We next evaluated if the IMID subjects were able to improve their Mtb-specific T-cell response after 6 days of Mtb antigen stimulation. In a subgroup of individuals (Supplementary Table S2), PBMCs were long-term cultured and the Mtb-specific IFN-γ response was evaluated by ELISA. The supernatants were collected after 1 day and after 6 days of incubation (Figure 6). The IFN-γ production significantly increased after 6 days of stimulation (TBI: p<0.0001; TBI-IMID: p<0.0001; TB: p<0.0001) (Figure 6A). To select a cut-off of the MTB300-stimulation test, we performed a ROC analysis comparing HC and TB patients (day 1: AUC 0.85, p=0.0011; day 6 AUC 0.84, p=0.0016) (Supplementary Figure S6). We selected 0.2750 IU/mL as day 1 cut-off (73% sensitivity and 90% specificity) and 2.1750 IU/mL for day 6 (73% sensitivity and 100% specificity). Based on the selected cut-off we found that 46.7% of TBI, 70% of TB, and 50% of TBI-IMID scored positive to MTB300 at day 1, while 73% of TBI, 70% of TB, and 61% of TBI-IMID had a positive response after 6 days of stimulation (day 1 vs day 6: TBI p=0.0350; TB p>0.9999; TBI-IMID p=0.8064) (Table 4). Evaluating the rate of change, we found the highest increase in TBI subjects compared to the other groups (Table 4).

Figure 6

Figure 6. Long-term Mtb stimulation increases the IFN-γ production in subjects with different TB status with and without IMID and healthy controls. (A) PBMCs were stimulated with Mtb-specific antigens (MTB300) for 6 days in the presence of IL-2. IFN-γ was evaluated by ELISA on day 1 and day 6 on supernatants. (B) Memory profile of Mtb-specific CD4 Th1 cells. PBMCs were stimulated with Mtb-specific antigens (MTB300) for 24 hours and the immune response was evaluated by flow-cytometry. Antigen-specific response was defined as total CD4 Th1 cytokine-producing cells and the activation profile was evaluated only among the responders. The graph represents the frequency of MTB300-specific CD27^+/- CD45RA^+/- CD4 T-cell subsets of subjects tested in the long-term stimulation assay. Horizontal red lines indicate the median and each dot represents a single subject. Statistical analysis was performed using the Wilcoxon matched-pairs signed rank test. TB, tuberculosis; TBI, tuberculosis infection; IMID, immune-mediated inflammatory disease; HC, healthy control; IFN-γ, interferon-gamma.

Table 4

Table 4. Number of responders to in vitro long-term stimulation with MTB300.

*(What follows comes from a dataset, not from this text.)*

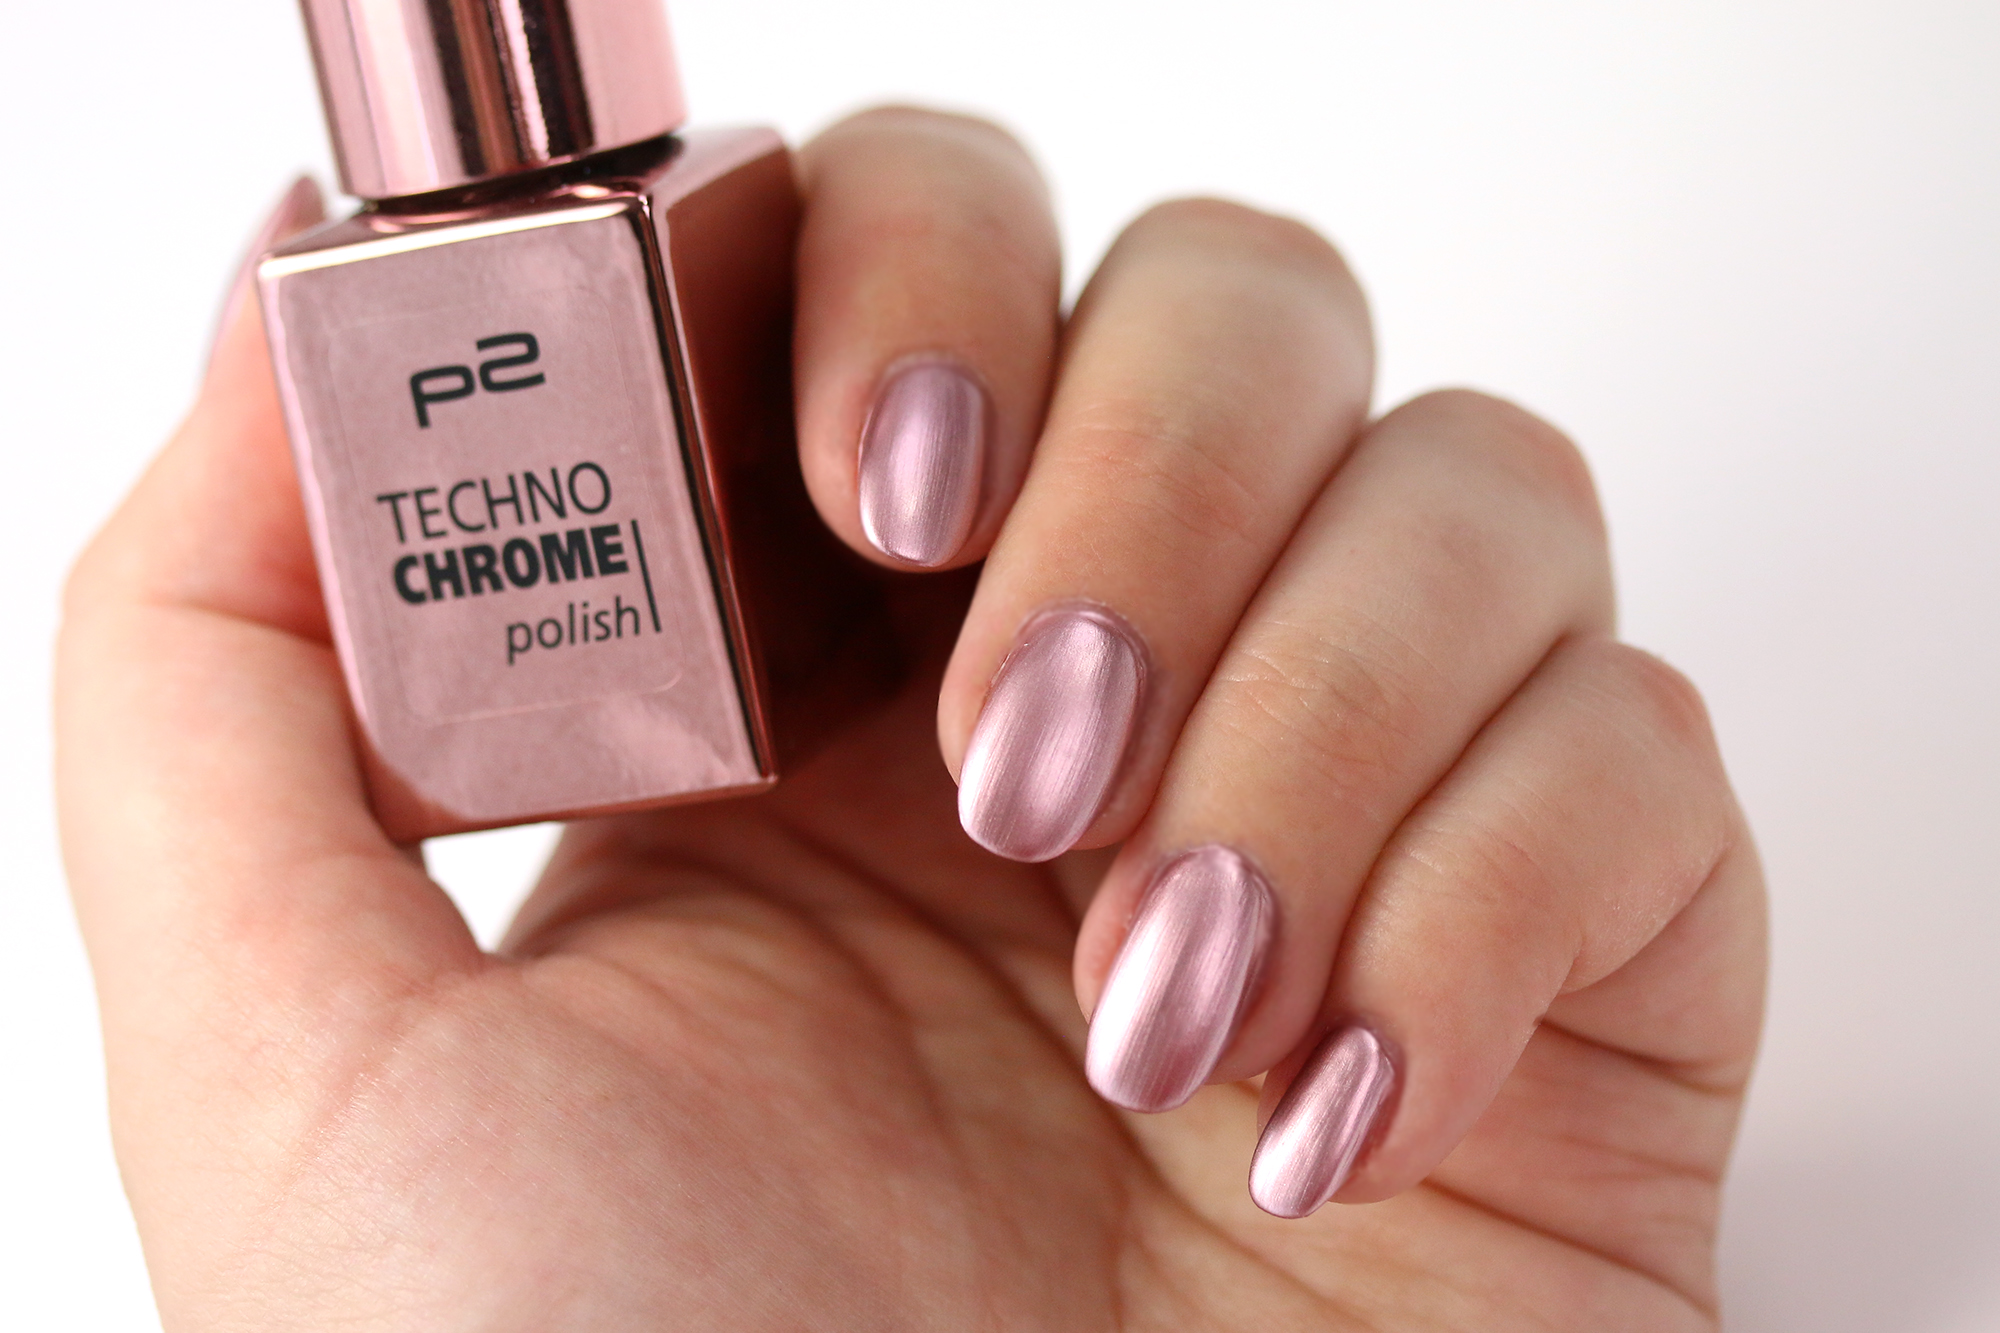 p2 Techno Chrome 030 Bronze Cut

We then investigated whether the ability to retrieve a specific response was related to the memory T cells. We focused on patients with a positive long-term response after 6 days of stimulation and scored positive for an Mtb-specific Th1-response after 24 hours of stimulation. In all groups, we observed a significant predominant memory-subset responsible for the increased IFN-γ production reported at day 6 (p<0.0001) (Figure 6B).

The long-term Mtb stimulation increases the IFN-γ production in TBI-IMID patients scored QFT-plus positive and QFT-plus negative

We focused on the TBI-IMID cohort stratifying subjects according to the QFT-Plus results (Figure 7, Supplementary Table S2). The frequency of IFN-γ production increased in both TB-IMID QFT-Plus positive and QFT-Plus negative (p=0.0156; p=0.0023 respectively). Applying the selected cut-off, at day 6, 4/9 QFT-Plus negative (44%) had a positive long-term response, and 14/21 QFT-Plus positive (67%) had a positive long-term response. Both groups showed a high frequency of CD45RA^- CD27⁺ and CD45RA^- CD27^- Th1-specific CD4 T cells (p=0.0001) (Figure 7B). Subjects were also evaluated for their ability to produce Th1-specific cytokines in response to MTB300 (Figure 7C). The total Th1-specific response was comparable among groups.

Figure 7

Figure 7. Long-term Mtb stimulation increases the IFN-γ production in TBI-IMID individuals stratified according to the QFT-Plus response. (A) PBMCs were stimulated with Mtb-specific antigens (MTB300) for 6 days in the presence of IL-2. IFN-γ was evaluated by ELISA at day 1 and day 6 on supernatants in TBI-IMID QFT-Plus negative and QFT-Plus positive. (B) Memory profile of Mtb-specific CD4 Th1 cells. PBMCs were stimulated with Mtb-specific antigens (MTB300) for 24 hours and the immune response was evaluated by flow-cytometry. Antigen-specific response was defined as total CD4 Th1 cytokine-producing cells and the activation profile was evaluated only among the responders. (C) Antigen-specific response evaluated as total CD4 Th1 cytokine-producing cells after 24 h of stimulation. Pie charts represent the proportion of different cytokine-producing CD4⁺ T-cell subsets. Horizontal red lines indicate the median and each dot represents a single subject. Statistical analysis was performed using the Mann Whitney test and the Wilcoxon matched pairs signed rank test. TB, tuberculosis; TBI, tuberculosis infection; IMID, immune-mediated inflammatory disease; IFN-γ, interferon-gamma; IL-2, interleukine 2; TNF-α, tumor necrosis factor alpha.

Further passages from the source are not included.